What the task requires
Give every line below again, exactly as it appears.

Provided data
★ ★ ★ ★ ★

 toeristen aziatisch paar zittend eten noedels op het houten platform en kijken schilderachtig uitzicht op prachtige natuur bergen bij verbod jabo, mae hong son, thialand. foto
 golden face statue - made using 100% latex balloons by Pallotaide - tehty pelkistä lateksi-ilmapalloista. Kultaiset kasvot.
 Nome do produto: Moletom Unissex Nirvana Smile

★ ★ ★ ★ ★

Exercise solution
 toeristen aziatisch paar zittend eten noedels op het houten platform en kijken schilderachtig uitzicht op prachtige natuur bergen bij verbod jabo, mae hong son, thialand. foto
 golden face statue - made using 100% latex balloons by Pallotaide - tehty pelkistä lateksi-ilmapalloista. Kultaiset kasvot.
 Nome do produto: Moletom Unissex Nirvana Smile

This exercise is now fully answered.